Jasmine from Aladdin (voiced by Linda Larkin, singing voice provided by Lea Salonga) – In "Two to Tangu", she teaches Sofia and Amber how to tame a wild carpet and not to be afraid of trying something new. She sings a song called "The Ride of Our Lives."
 Belle from Beauty and the Beast (voiced by Julie Nathanson) – In "The Amulet and the Anthem", she sings a song called "Make It Right" and helps Sofia realize that actions speak louder than words. Julie Nathanson had to voiced Belle in the Sofia the First Season 1 episode due to Paige O'Hara, Belle's original voice actor, being unable to do the voice recording work.
 Ariel from The Little Mermaid (voiced by Jodi Benson) – In "The Floating Palace", she encourages Sofia to enlist Cora to help rescue her mermaid friend Oona from the sea monster, saying that the love of family is held by all.  She sings a song called "The Love We Share." She is the first Disney Princess not to be shown in her re-design.
Aurora from Sleeping Beauty (voiced by Kate Higgins) – In "Holiday in Enchancia", she teaches Sofia that in a crisis she can always count on her animal friends. She is the first Disney Princess who doesn't sing in the series.
 Snow White from Snow White and the Seven Dwarfs (voiced by Katherine Von Till) – In "The Enchanted Feast", she teaches Sofia to learn the importance of trusting one's instincts after Sofia suspects that a visiting sorceress is not who she says she is. Like Aurora, she is the second Disney Princess who doesn't sing in the series.
 Mulan from Mulan (voiced by Ming-Na Wen, singing voice provided by Lea Salonga) – In "Princesses To The Rescue", she teaches Sofia and her friends that they are stronger than they know. Like Ariel, she is the second Disney Princess not to be shown in her re-design, rather in her armor. She sings the song "Stronger Than You Know."

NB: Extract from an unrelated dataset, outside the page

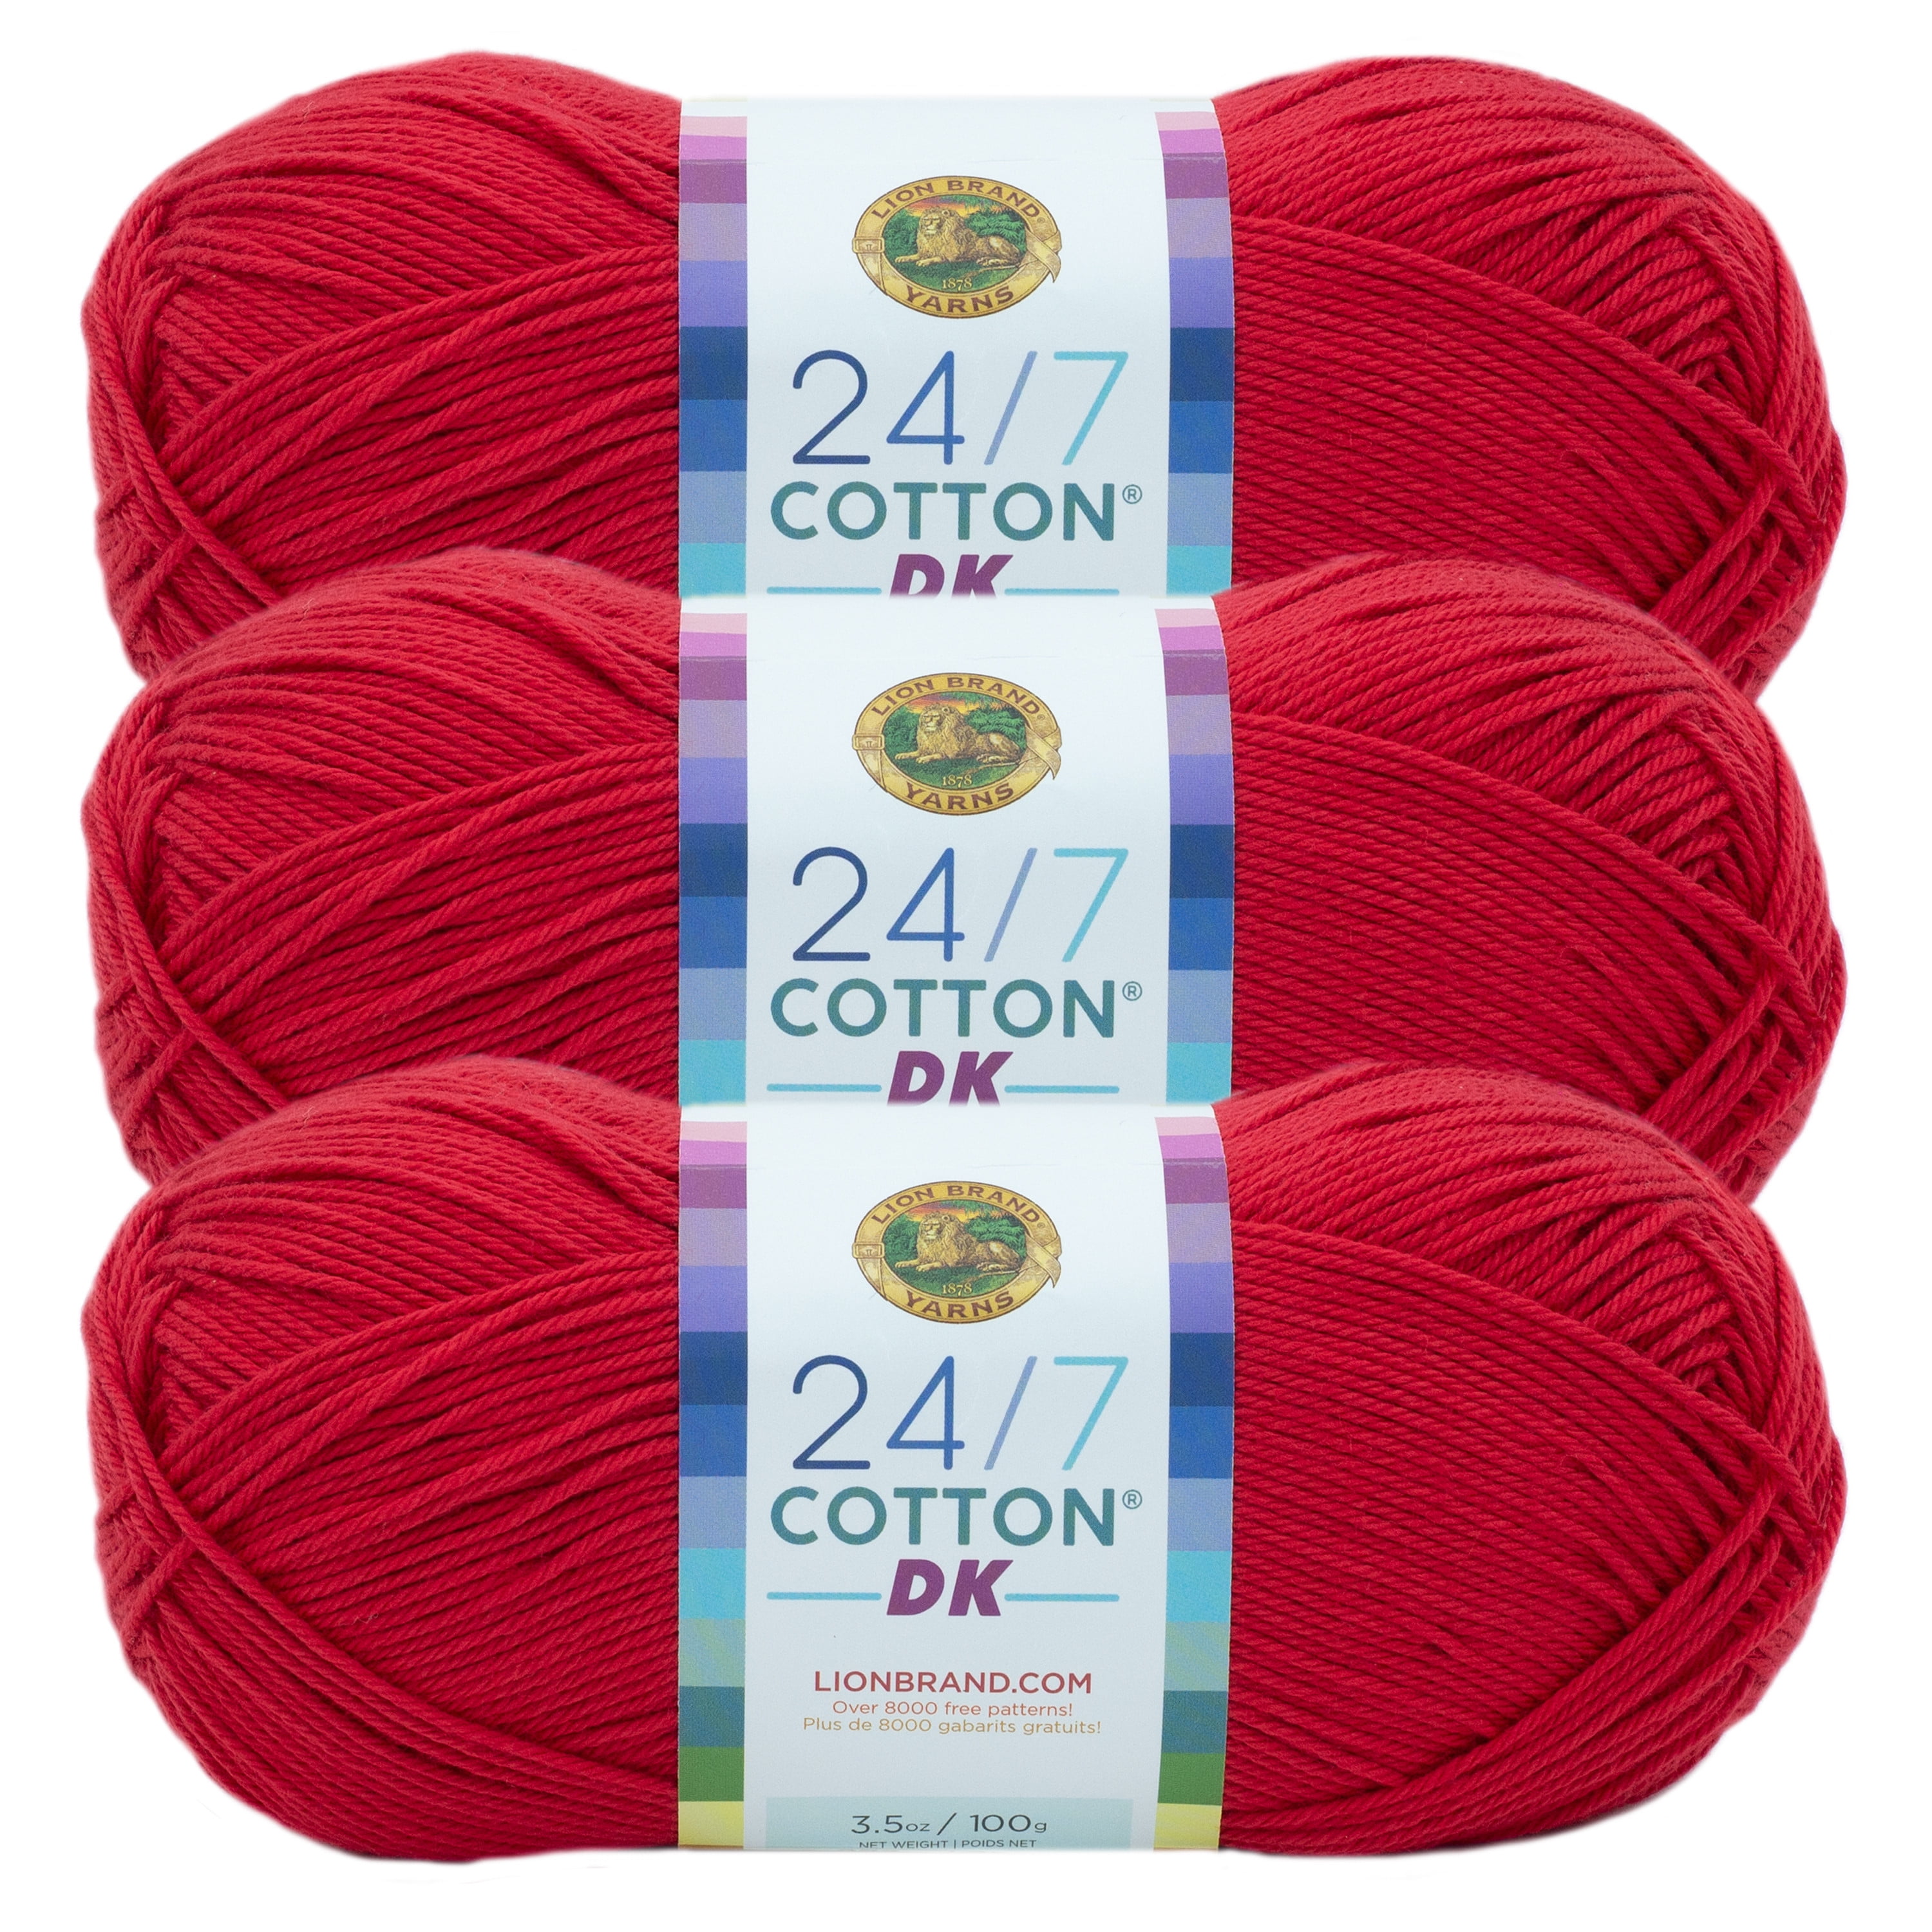 Lion Brand Yarn lion brand 24/7 cotton yarn, yarn for knitting

 Rapunzel from Tangled (voiced by Mandy Moore) – In the second half of the hour-long episode "The Curse of Princess Ivy", she shows how much Sofia and Amber's relationship has grown and deepened despite mistakes that Amber has made. She also teaches Amber to mend their relationship she has to "Dare to Risk It All" to break the curse of Princess Ivy after the curse was unleashed by the Amulet for stealing Sofia's amulet for a selfish want, learning the secrets of the amulet, and betraying Princess Sofia.
 Tiana from The Princess and the Frog (voiced by Anika Noni Rose) – In "Winter's Gift", she teaches Sofia that what matters most when giving a gift to someone is that it comes from the heart. She sings a song called "From the Heart".

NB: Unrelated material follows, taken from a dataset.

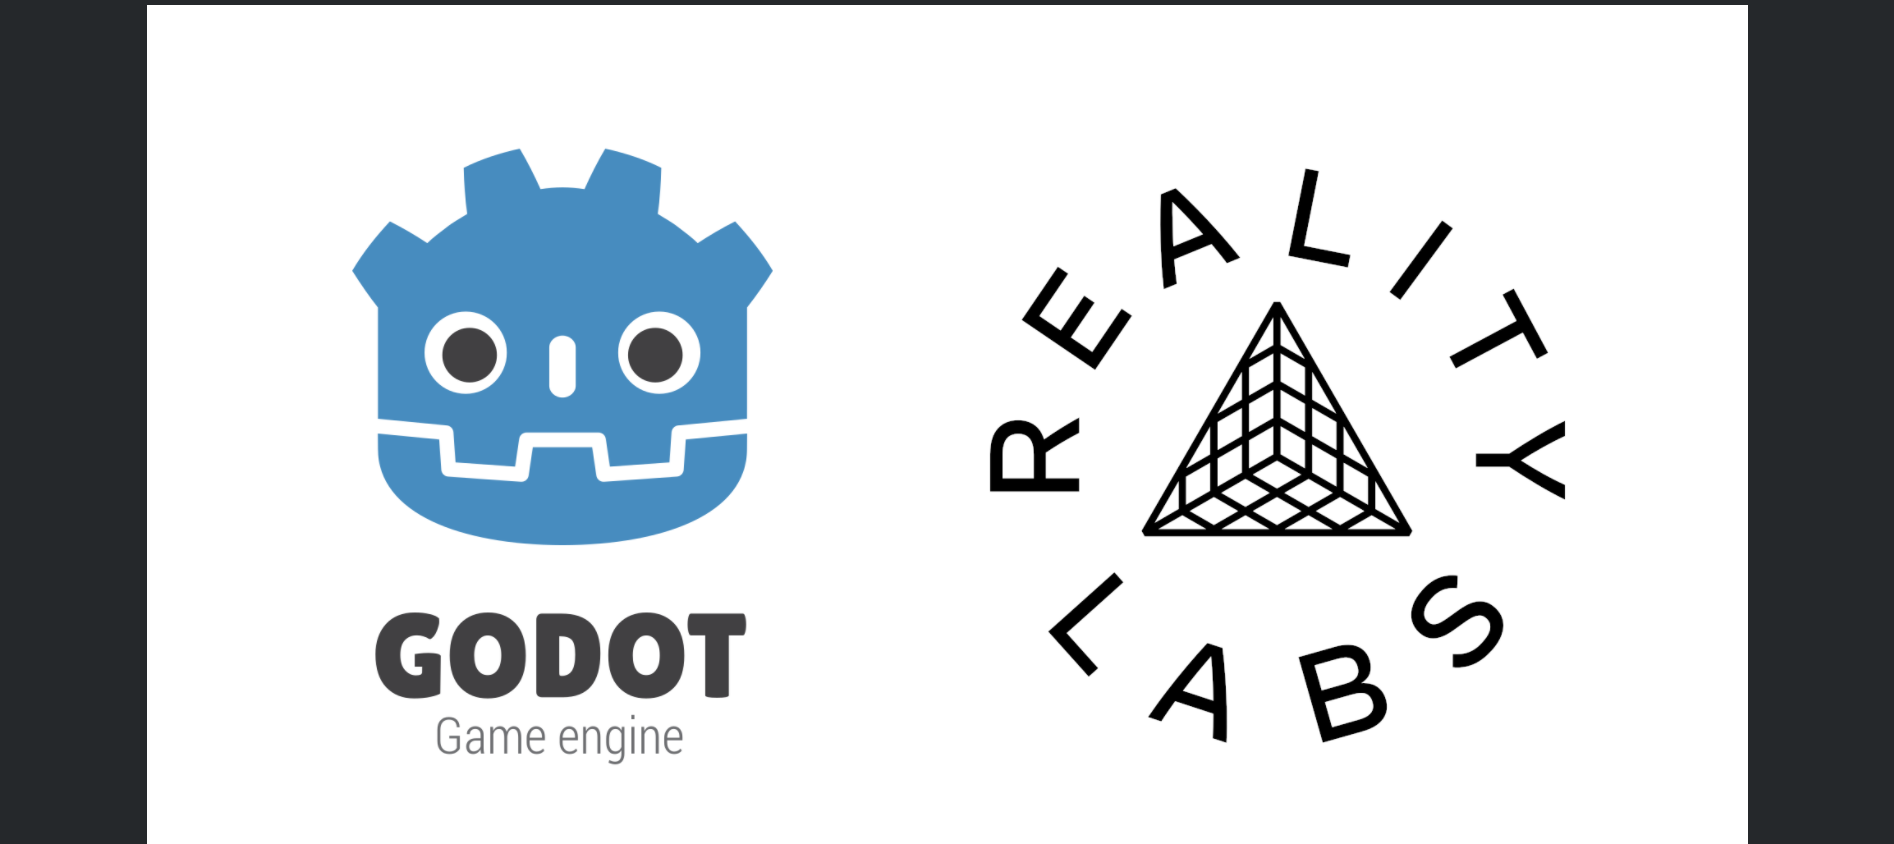 Godot Engine recebeu investimentos do Facebook/Meta para desenvolvimento do XR

 Merida from Brave (voiced by Ruth Connell) – In "The Secret Library", she teaches Sofia confidence so she can save Minimus and Mazzimo and fulfill her task as the storykeeper. She is the 3rd Disney Princess not to be shown in her re-design and third Princess who doesn't sing in the series. Ruth Connell had to voice Merida in the Sofia the First Season 3 episode due to Kelly Macdonald, Merida's original voice actor, being unable to do the voice recording work.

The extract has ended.